Problem ->
The reply is to contain the full listing, repeated exactly, with pictures left out.

------ Source data ------

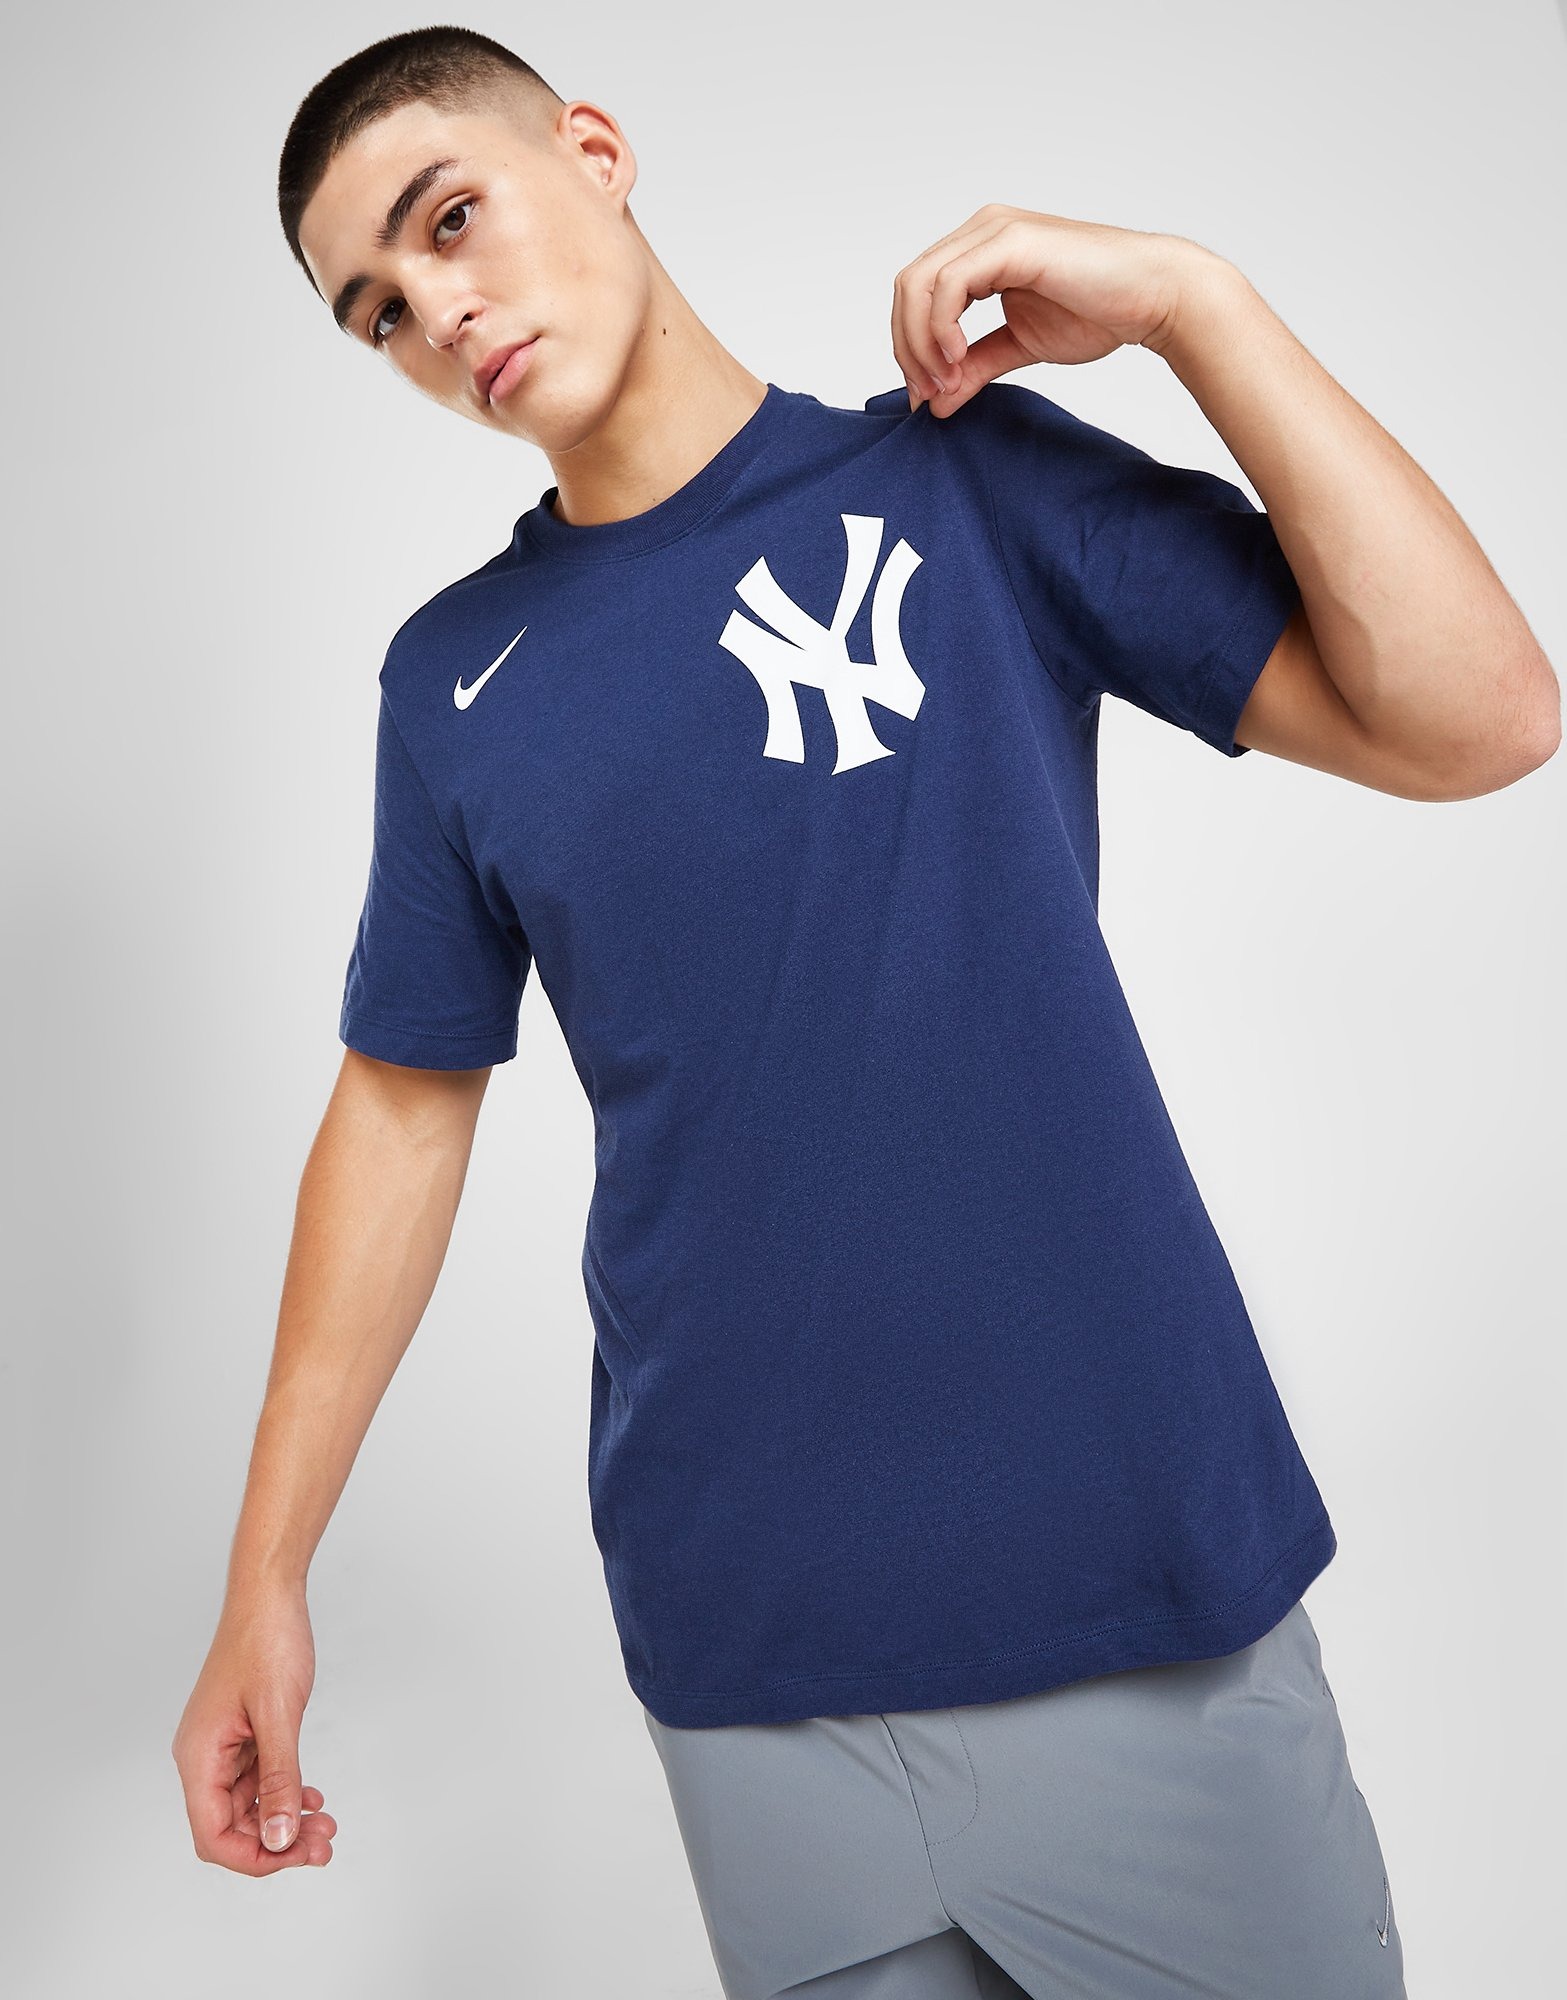 Nike Yankee T-Shirt in 2023  Yankees t shirt, Shirts, Shirt shop
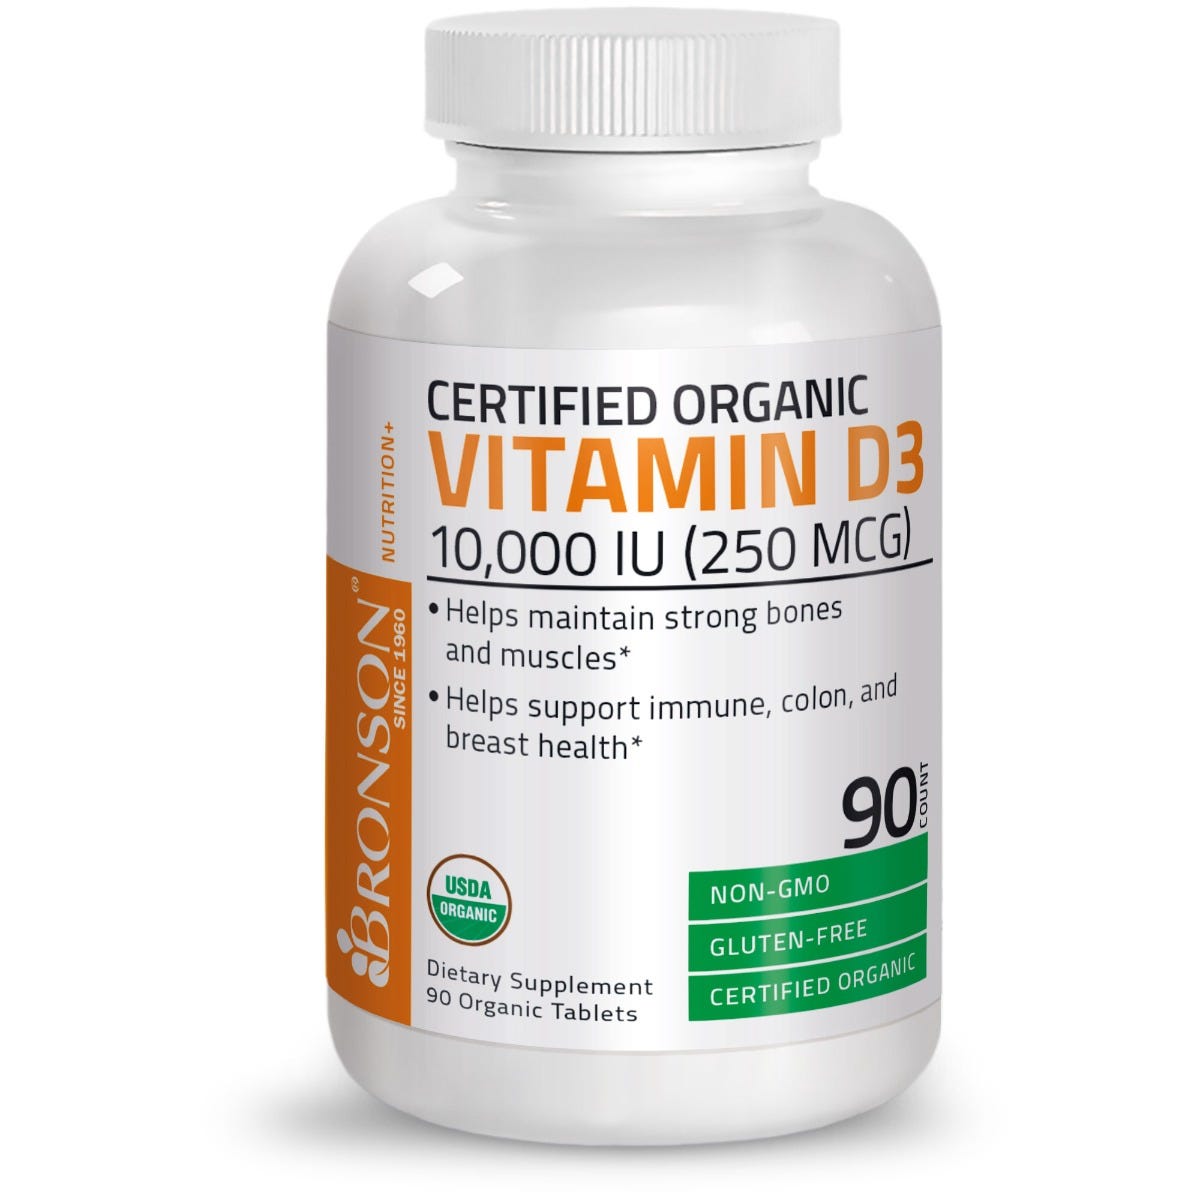 Vitamin D3 High Dose USDA Certified Organic - 10,000 IU view 1 of 6
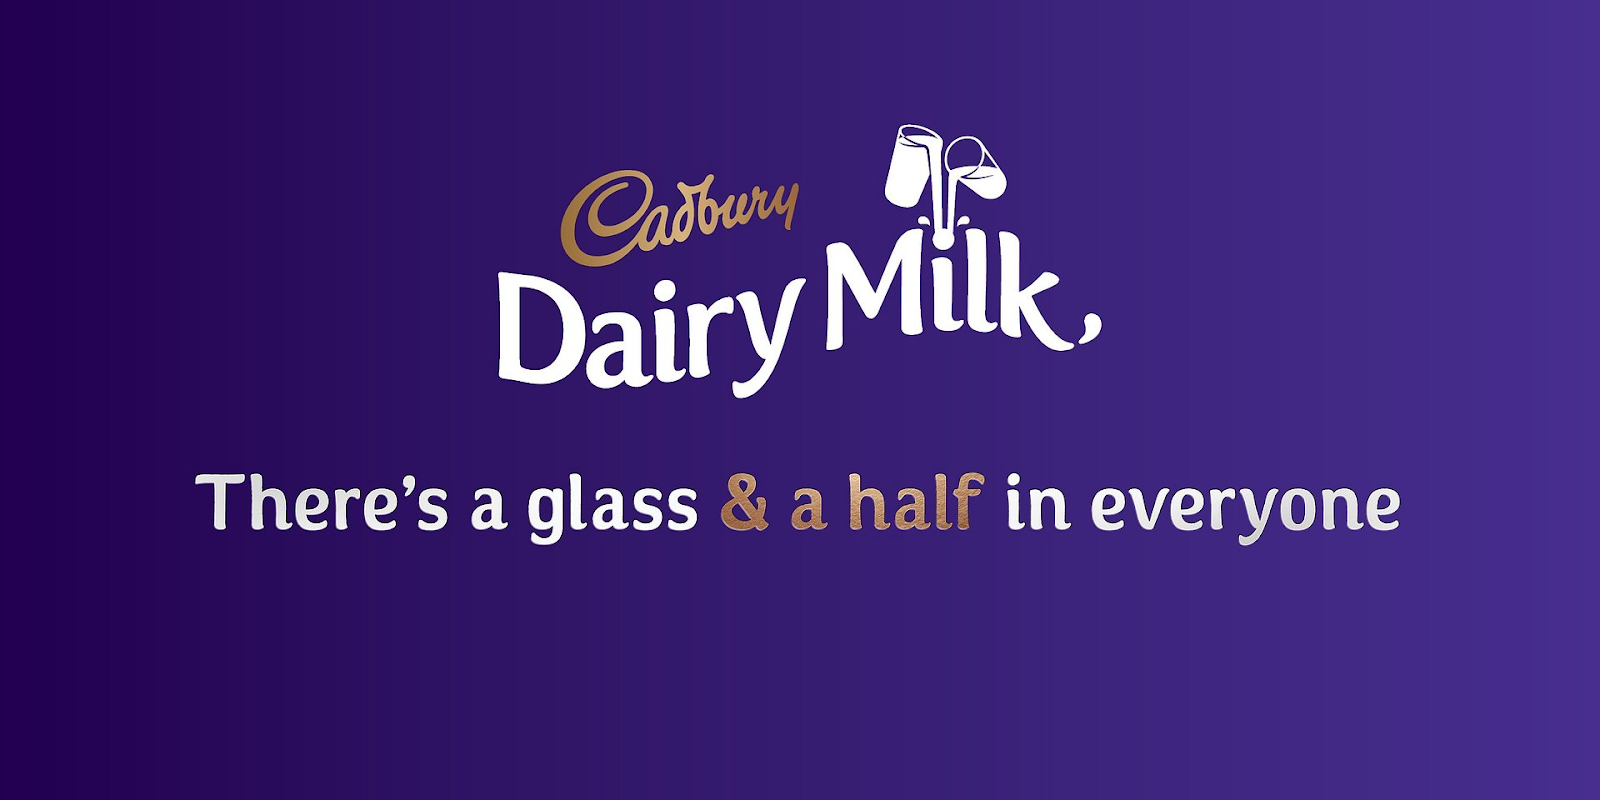 dairy-milk-cadbury-crisis-communication-examples
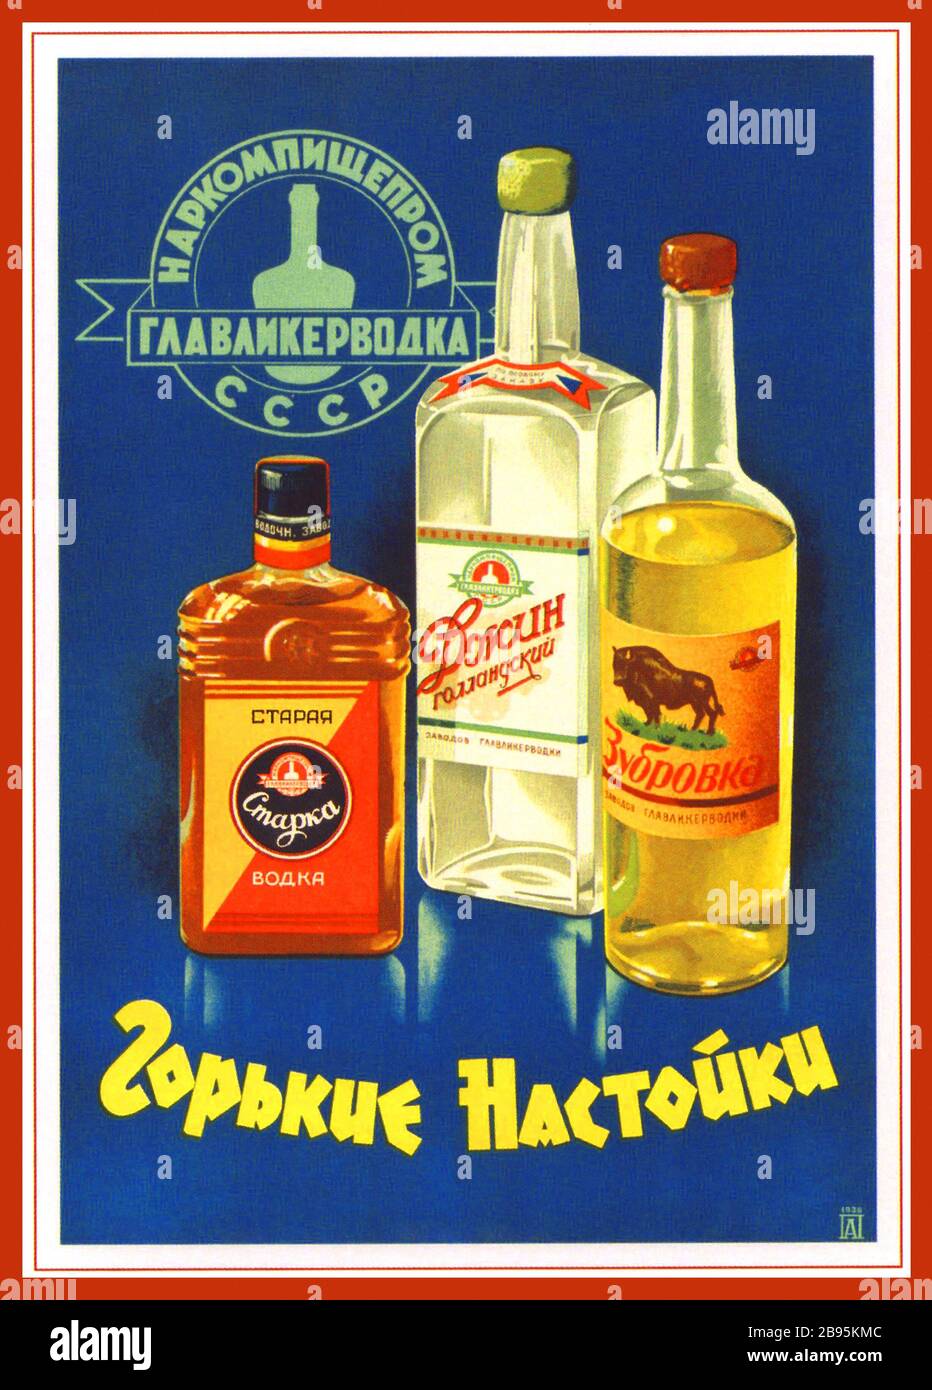 VODKA URSS VINTAGE RUSO 1930 Imprimir Publicidad en la URSS Publicidad vodka en la URSS RETRO URSS BEBIDAS ALCOHÓLICAS SOVIÉTICAS PRODUCTOS CCCP Foto de stock

------

Expected output ->
 Nike Yankee T-Shirt in 2023  Yankees t shirt, Shirts, Shirt shop
 Vitamin D3 High Dose USDA Certified Organic - 10,000 IU view 1 of 6
 dairy-milk-cadbury-crisis-communication-examples
 VODKA URSS VINTAGE RUSO 1930 Imprimir Publicidad en la URSS Publicidad vodka en la URSS RETRO URSS BEBIDAS ALCOHÓLICAS SOVIÉTICAS PRODUCTOS CCCP Foto de stock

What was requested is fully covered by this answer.